Assisti ontem (quinta) à derradeira sessão de 3 X 3D antes que saísse de cartaz no Cinesesc. Nesse tríptico de curtas encomendado pela cidade portuguesa de Guimarães para comemorar sua condição de capital cultural europeia de 2012, cada diretor convidado encarou o 3D de uma maneira bem particular.

Peter Greenaway, em Just in Time, viu no recurso um ingrediente a mais para seu barroquismo digital delirante. Igrejas, claustros, museus e ruas da cidade são percorridos por longos travelings, passando por figurantes paramentados e muralhas e cortinas de textos que falam de personagens da história de Guimarães. O efeito é de uma enciclopédia folheada tão rapidamente que você não consegue reter quase nada. Mas é visualmente deslumbrante e leva a virtualidade do 3D a seus limites de expressão.

A prata da casa ficou com Edgar Pêra, cineasta dado a ousadias, mas que aqui se limitou a um exercício caricato sobre a fenomenologia do espetáculo cinematográfico. Entre a tela e a plateia de um velho cinema de Guimarães, um apresentador discorre acerca dos efeitos do cinema sobre o espectador e as grandes transformações nessa relação ao longo da história. Desde os homens da caverna, por sinal. Com humor claudicante, o curta Cinesapiens derrapa num uso repetitivo da tridimensionalidade, explorando principalmente os braços e mãos dos atores estendidos na direção do público.
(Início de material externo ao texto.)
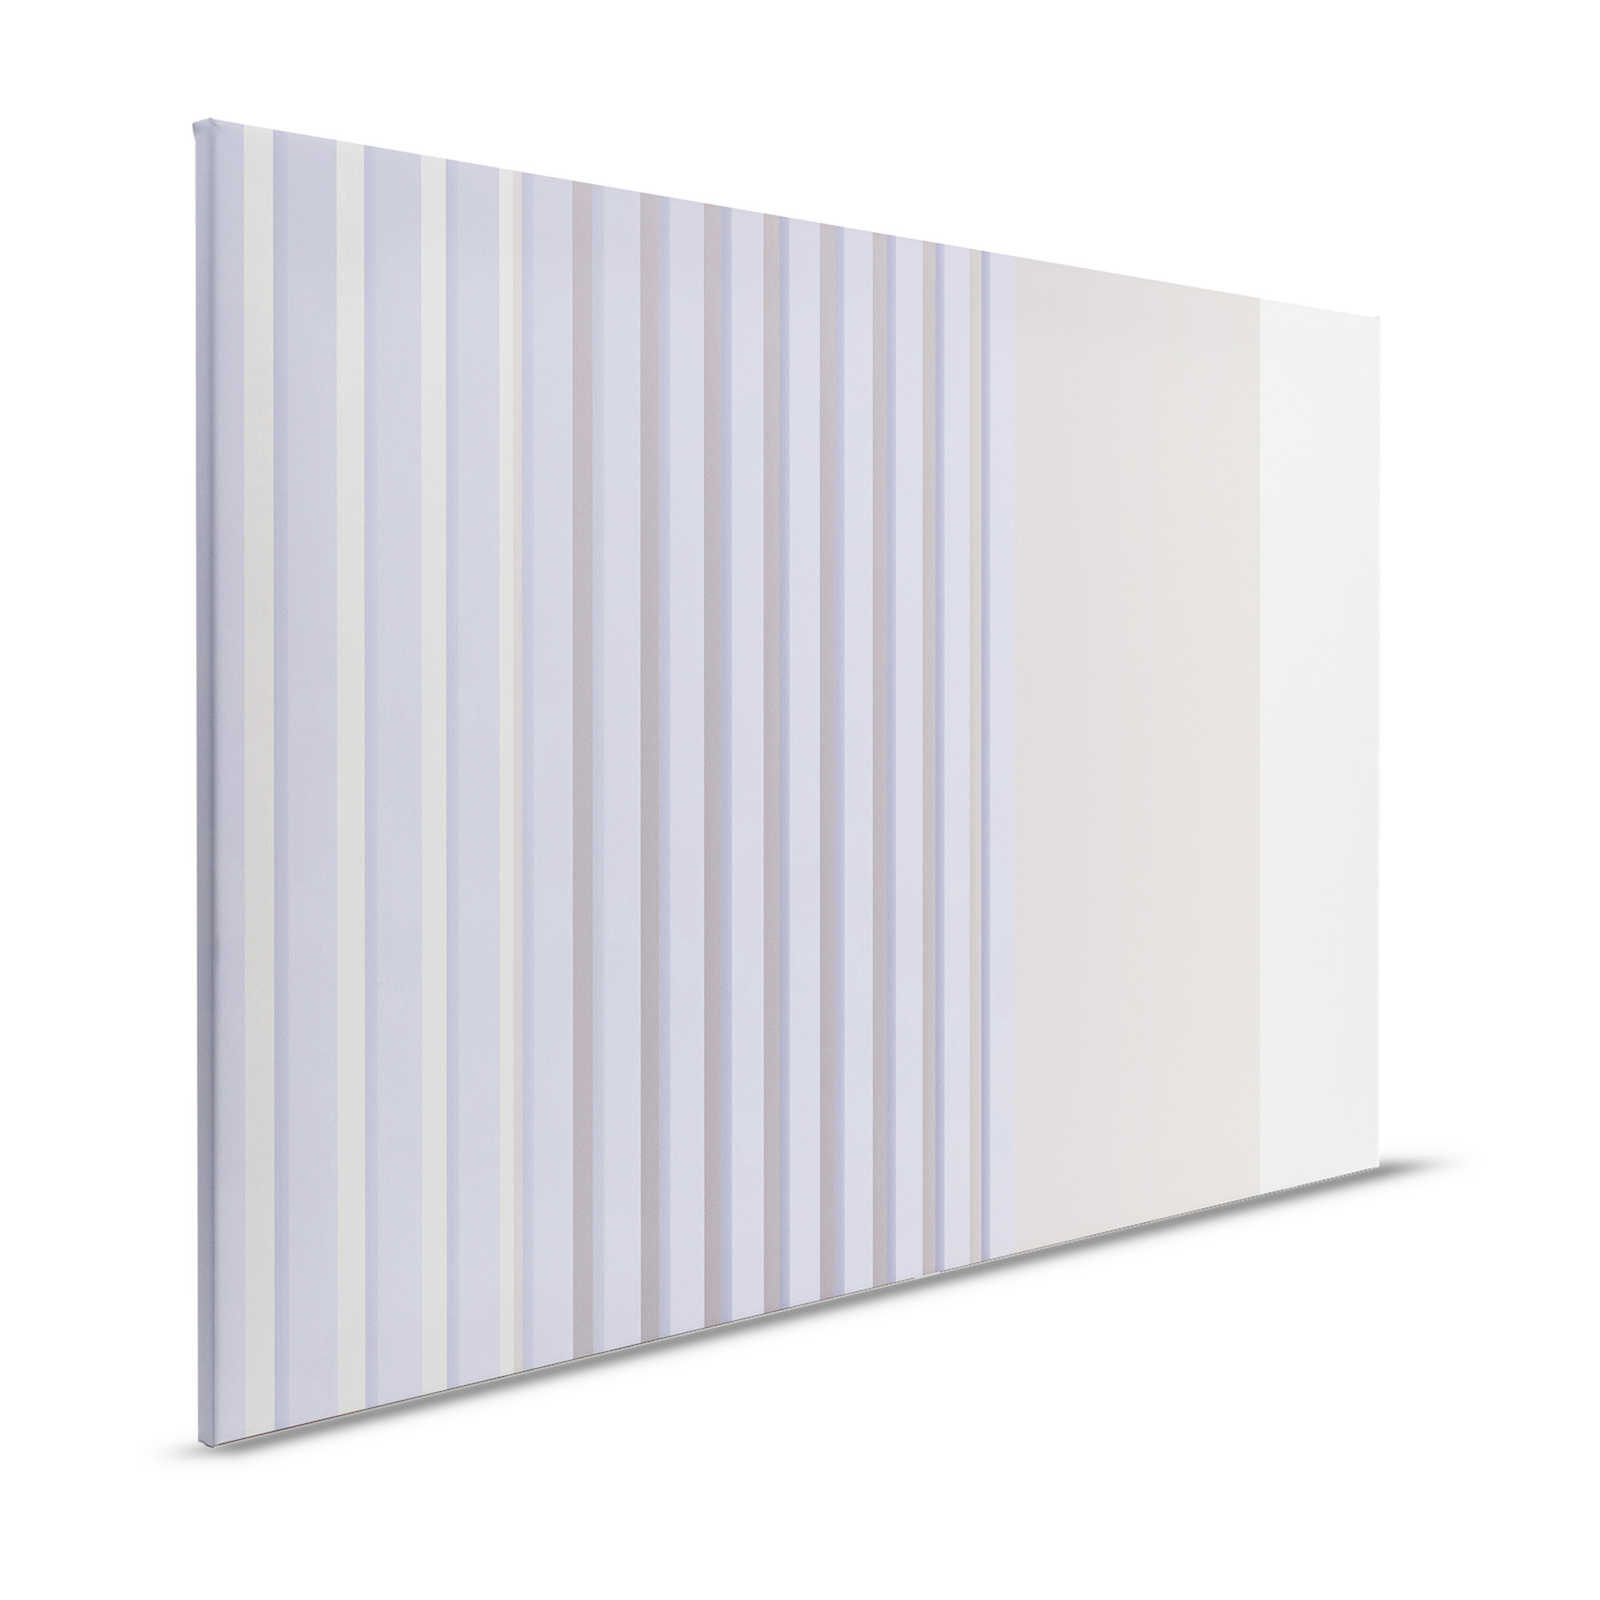 Illusion Room 1 - Quadro su tela con disegno a righe 3D in viola e grigio - 1,20 m x 0,80 m

Pêra viu o 3D como um objeto de chacota.

Por fim, Os Três Desastres traz mais uma colagem do venerando Jean-Luc Godard, um pouco na linha do seu História(s) do Cinema. Como sempre entre a anedota intelectual e a máxima filosófica, ele trata a tridimensionalidade como algo inerente ao cinema desde sempre. É claro que não se importa muito com o 3D em si, nem muito menos com Guimarães. Seu material são os arquivos: cenas de filmes 2D que exploravam as perspectivas; cenas 2D reformatadas para um falso 3D e trechos de filmes recentes em 3D mesmo. No áudio, quase todo com sua voz, ele rumina ideias provocativas sobre o acaso, o destino da humanidade e a enrascada em que teríamos caído com a “ditadura” do digital.

O virtuosismo estético de Greenaway, a veia farsesca de Pêra e a ironia militante de Godard estão longe de formar um conjunto harmonioso, mas falam bastante das características de cada diretor e deixam um comentário polivalente sobre o uso da tecnologia. Se me perguntarem a conexão entre a vetusta Guimarães, berço de Portugal, e essa encomenda exótica, eu diria que é a ênfase no contraste entre o passado remoto e o contemporâneo de ponta. Mas será que isso basta?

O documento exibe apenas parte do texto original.